It usually sets in about the time that I hear my husband starting to snore. The house is dark and quiet. My two year old twin boys are sleeping happily in the next room. I have two more boys jumping on my bladder and kicking my rib cage. And that’s when it hits.

The fear. The insecurities. The worry and anxiety: I’m about to be a mother of 4 little boys and I feel totally unprepared.

Facing the Fear of Motherhood

This is not the post I had planned for today. I was going to talk about a passion of mine: natural and home remedies. But my heart has been battling this fear all week and I knew I couldn’t be alone.

Do you ever fear motherhood? Or that next season of motherhood? Or what that next pregnancy might mean? Or how in the world you will balance it all?

My mother passed away unexpectedly when my boys were 11 months old. They won’t ever remember her and my new baby boys will never meet her. This past year and a half has been a bit of an identity crises for me: trying to figure out what it means to be a good mom while grieving the loss of my own mother.

My in-laws are amazing and I’m so thankful that God has placed them in my life, but it’s not the same thing as having my own mother there (even though our relationship was far from the perfect mother-daughter relationship).

And so, all of this feeds into my fear:

How am I going to juggle this all?

What will my life look like with 4 little kids 2 years old and younger?

How can I keep my crazy active toddlers busy while I nurse their little brothers?

When will I find time to invest in my husband?

When will I find the time to invest in my relationship with the Lord?

How will I be able to shower, let alone find time to read God’s Word?

How am I going to be able to make 3 meals day????

What does a godly mother look like anyway? Whose model of discipline should be follow?

And the list of fears goes on…

These are the quiet thoughts I have as I lie in bed unable to sleep – thankful for the forceful baby kicks that mean my little ones are healthy and strong – but also fearful for what lies ahead.

I know intellectually how blessed I am. My family is healthy and growing. We have food on the table and a roof over our head. I know that’s more than many have.

But that doesn’t stop those fears from creeping in…

It doesn’t stop the insecurities from swirling around that I’m not cut out for this thing called motherhood…

It doesn’t stop the hormonal-pregnancy tears from flowing when my husband doesn’t understand the emotional roller coaster I ride each day. The pendulum of feeling grateful, ecstatic, and confident that I can handle anything with the gripping fear that God may have made a mistake in making me a mother…

Dear mamas, do you ever feel this way? I know I can’t be alone in this. I know, because even though God’s Word never says “Dear mama who struggles with fear…” He DOES give us hope and encouragment for when those days are tough…for when the tears won’t stop flowing and you feel so alone in this thing called motherhood.

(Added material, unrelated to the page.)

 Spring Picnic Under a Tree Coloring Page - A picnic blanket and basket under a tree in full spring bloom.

It’s in these times that I KNOW the one thing I need to do is turn to God’s Word and yet it’s about the last thing I want to do. When I’m facing those fears of motherhood, that’s when I need to turn to these truths:

1) Given to us as a Blessing

Definition of blessing: “a beneficial thing for which one is grateful; something that brings well-being.”

I never really understood what a blessing children are to our lives until I read somewhere that while many times God says in His Word that having children is a blessing, he never ONCE says the same thing about money! Wow. That’s humbling to me. In those dark moments of fear, I gotta be honest, money sometimes sounds like more of a blessing (especially when struggling with financial fears).

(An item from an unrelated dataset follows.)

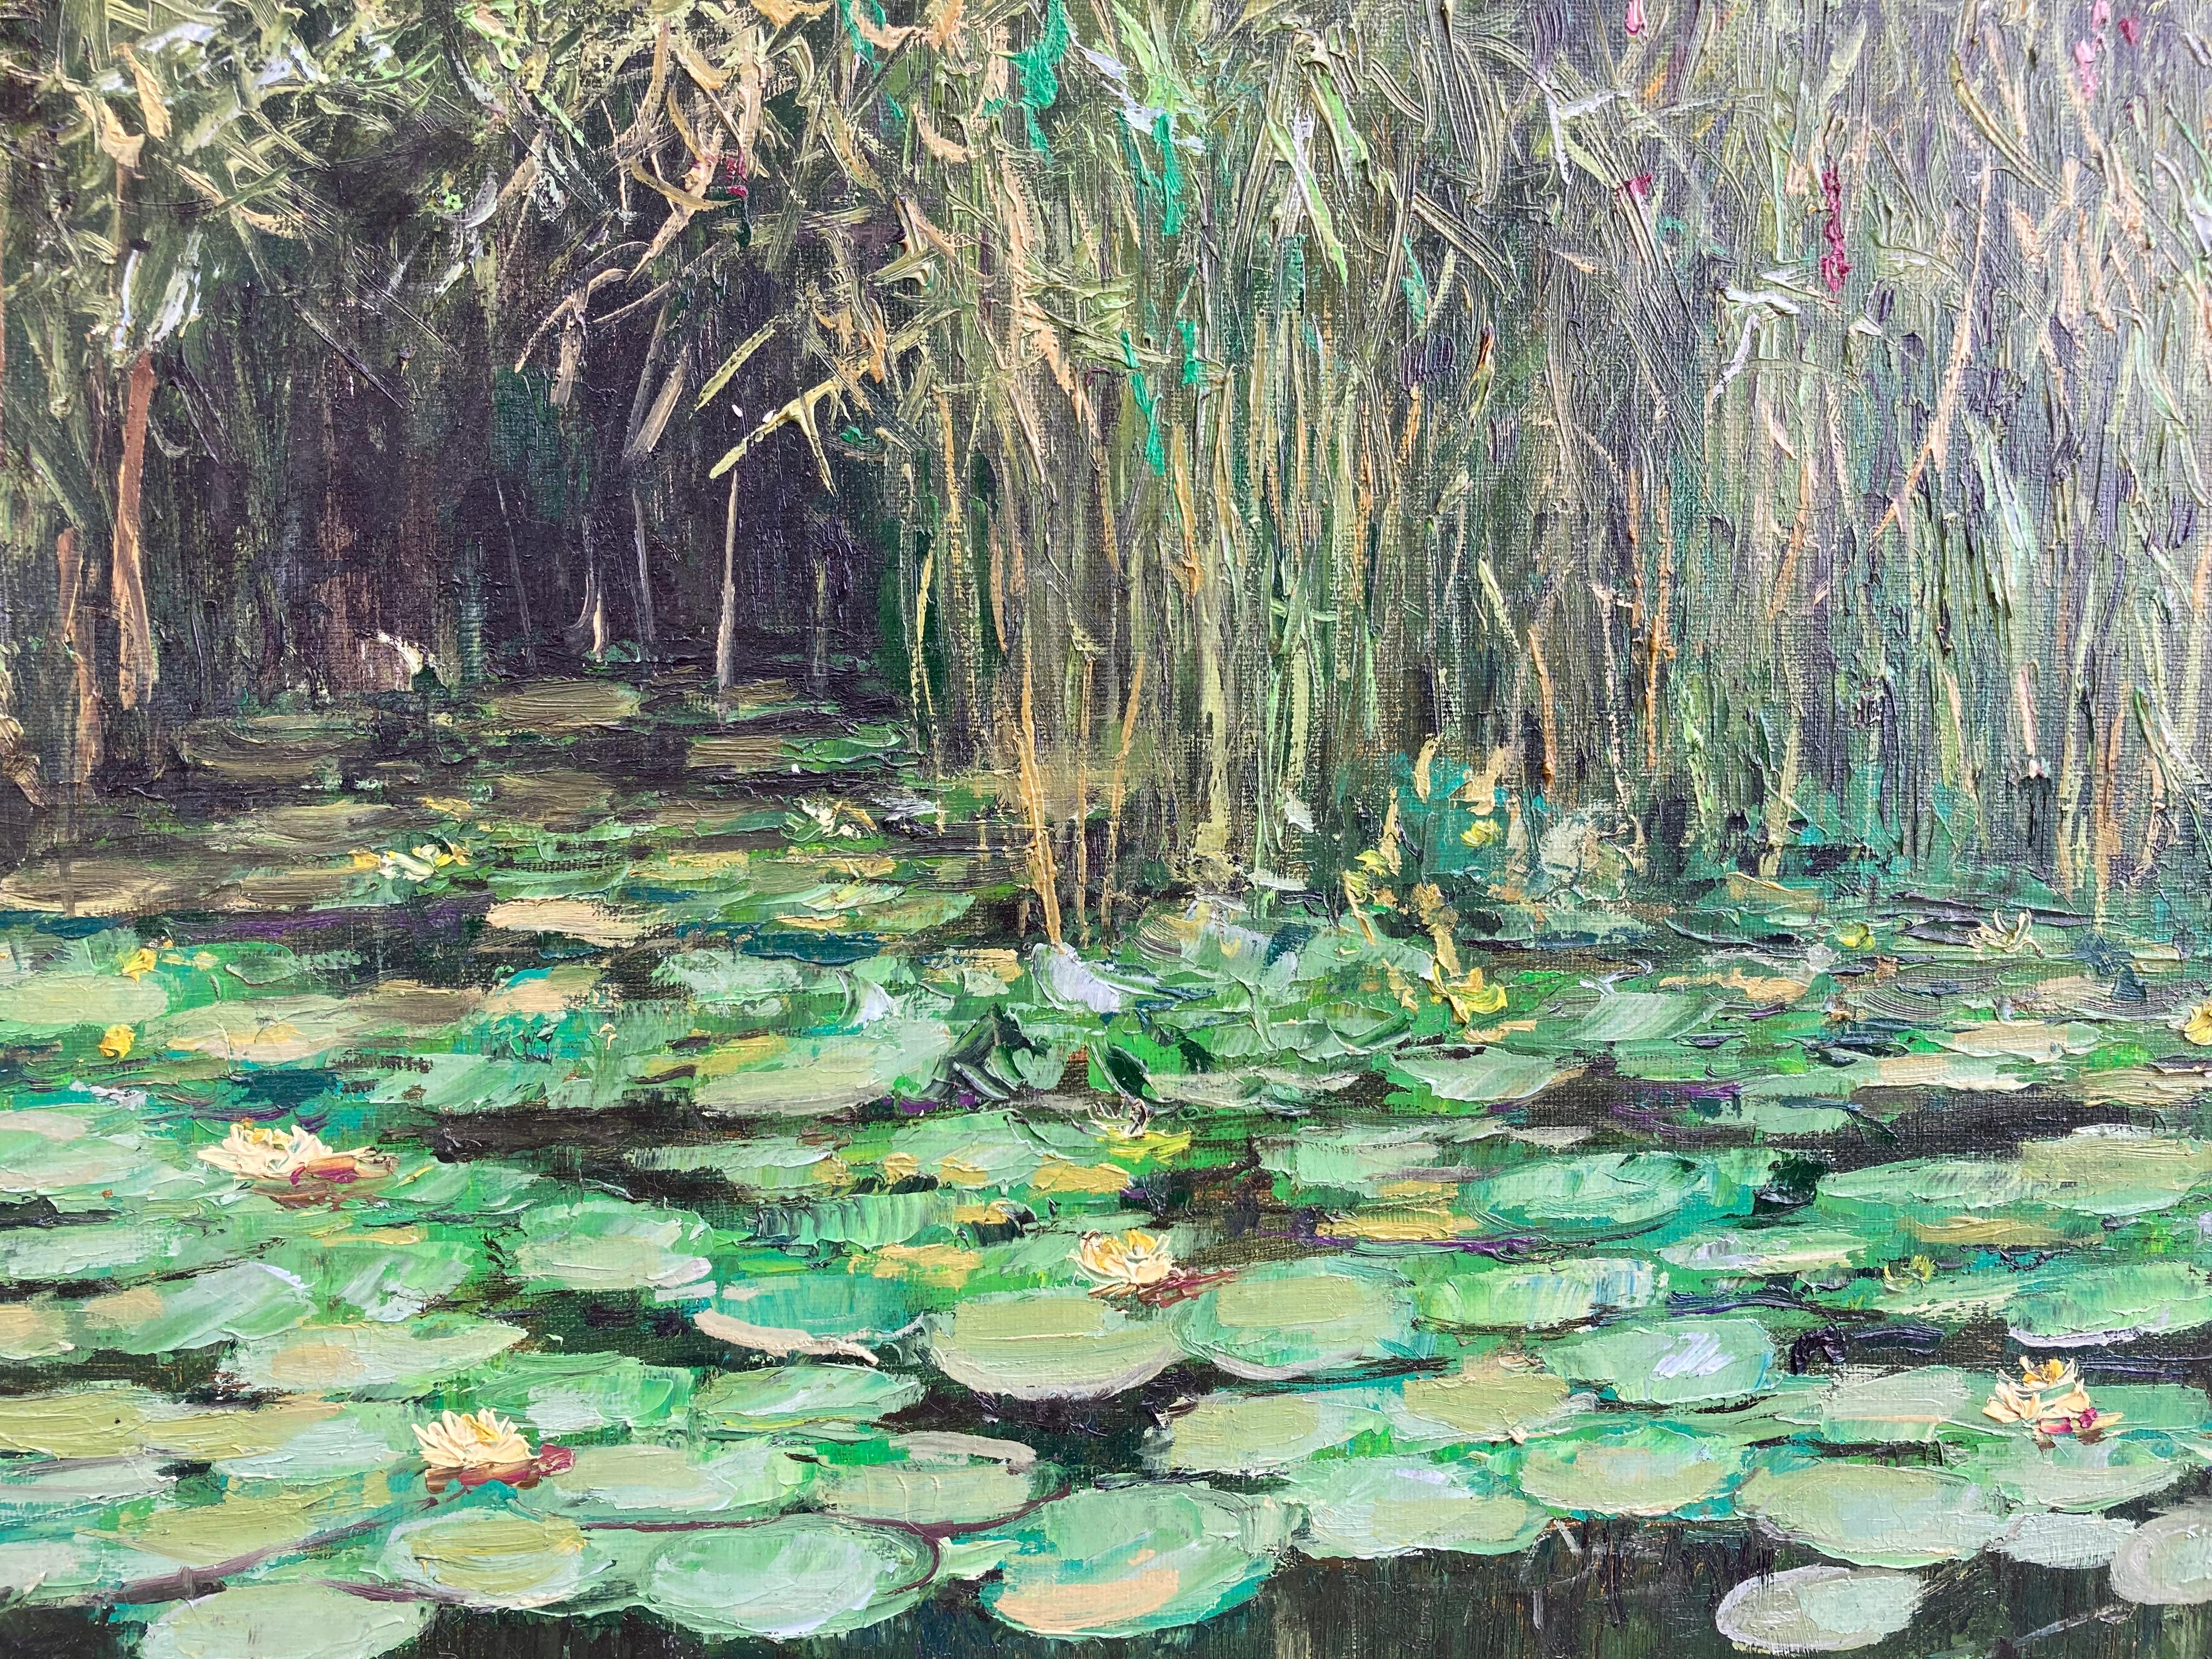 A stunning rendering of water lilies with flowers and reeds, by a Russian artist whose name I cannot make out on the back of the canvas - I was buying these from Ukraine - so I have listed it as

On those hard days of motherhood, it would do us well to repeat to ourselves over and over: These children given to us by God, are meant to be a blessing in our lives, and for that we are to be ever grateful. 

“Behold, children are a heritage [or blessing] from the Lord,
the fruit of the womb a reward.
Like arrows in the hand of a warrior
are the children of one’s youth.
Blessed is the man
who fills his quiver with them!
He shall not be put to shame
when he speaks with his enemies in the gate.” – Psalm 127:3-5

2) Being joyful is different than being happy

We see from Scripture that we are called to be joyful in ALL things.

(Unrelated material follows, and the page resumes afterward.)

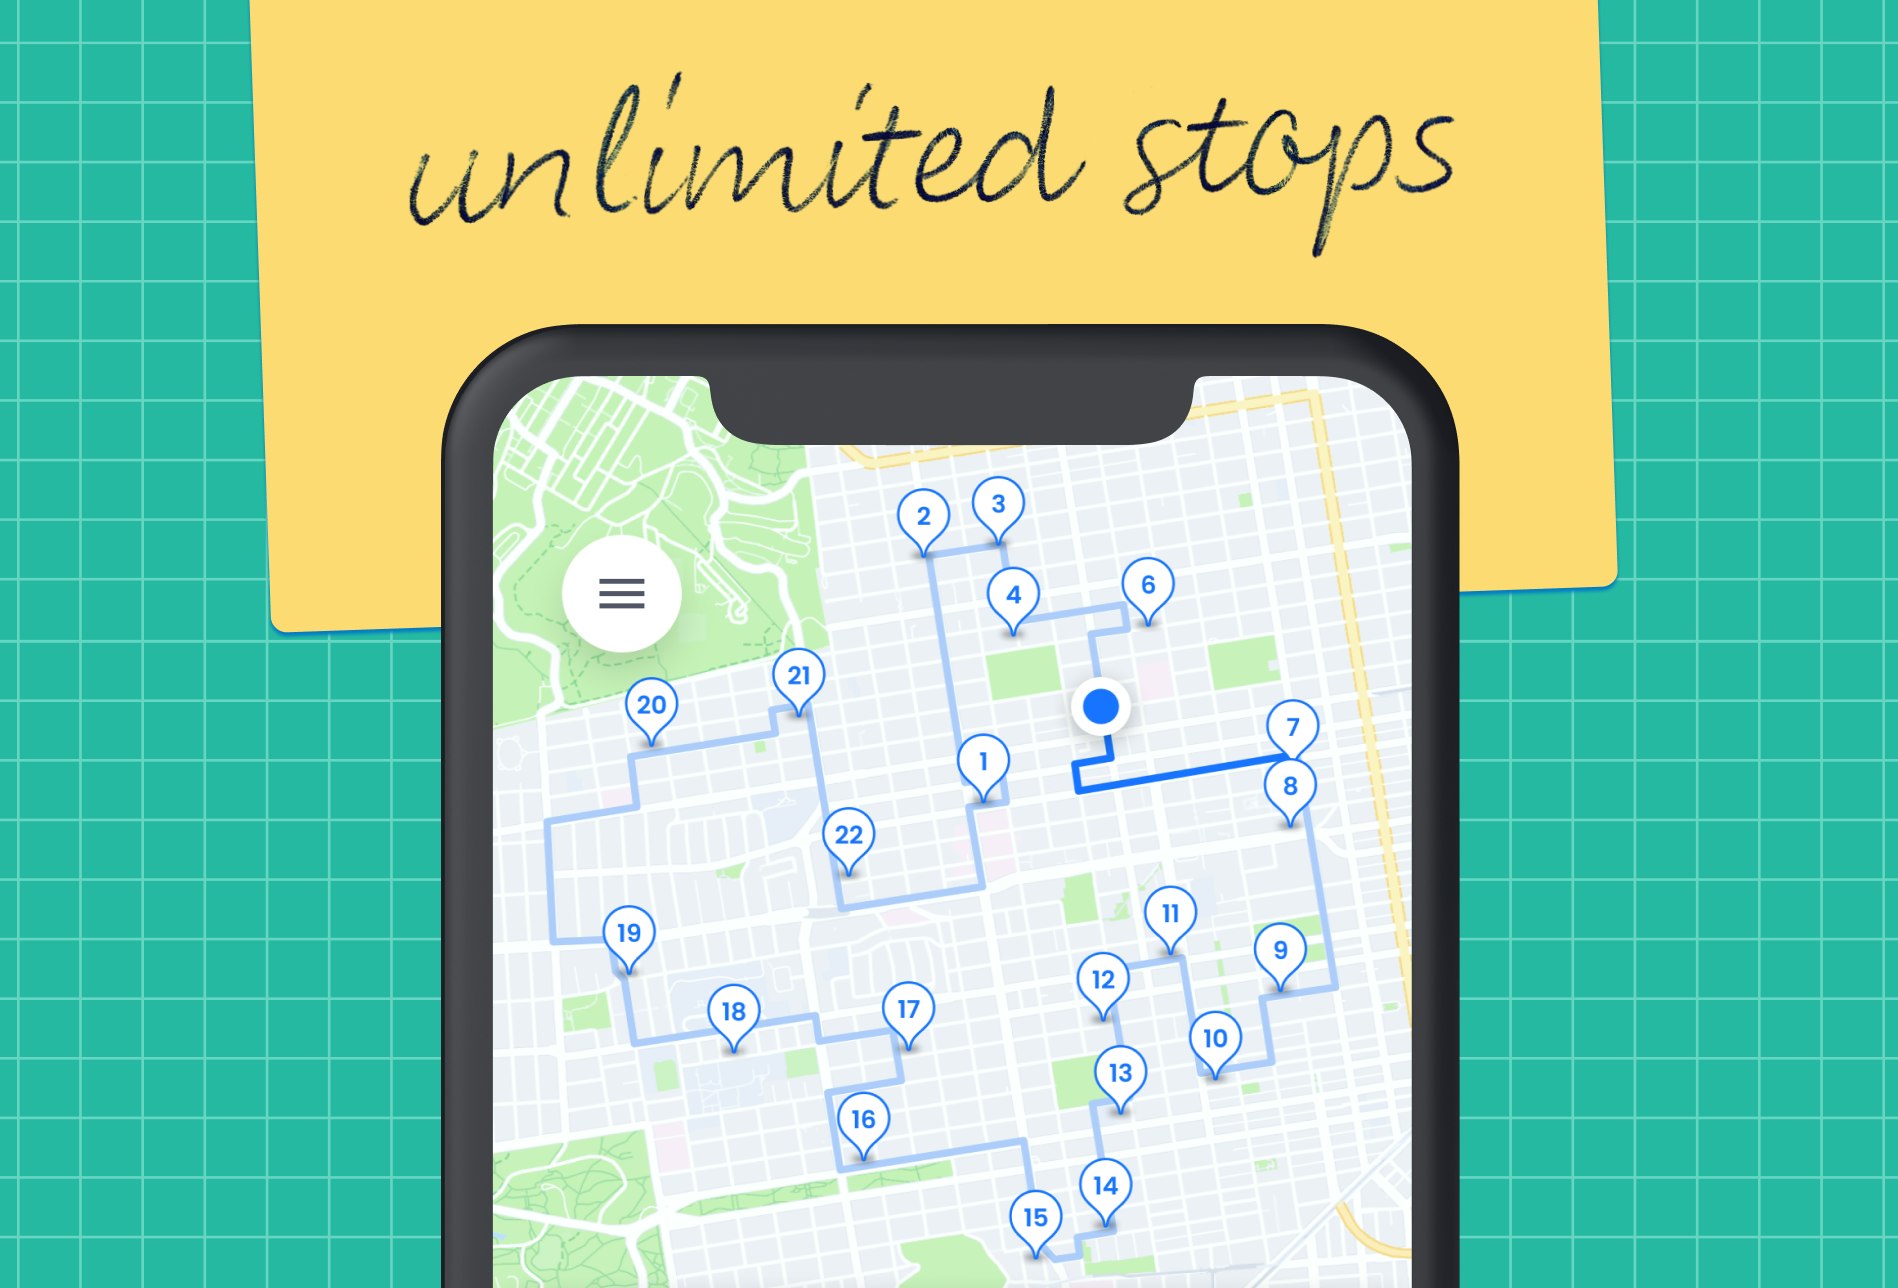 The Best Free Route Planner with Unlimited Stops: Comparing 10 Route Planners

“Always be joyful. Never stop praying. Be thankful in all circumstances, for this is God’s will for you who belong to Christ Jesus.” – 1 Thessalonians 5:16-18

Did you catch that at the end? We are to be always joyful, never stop praying, and thankful in ALL circumstances…because THAT’S God’s will for us. <— It’s God’s will, even on those really tough days to be joyful and thankful. Always.

I want my life to be joyful. I want to be characterized as a JOYFUL person. This doesn’t mean I’m always happy as some days of motherhood are just plain HARD. But God does give us what we need to be joyful if we just ASK him!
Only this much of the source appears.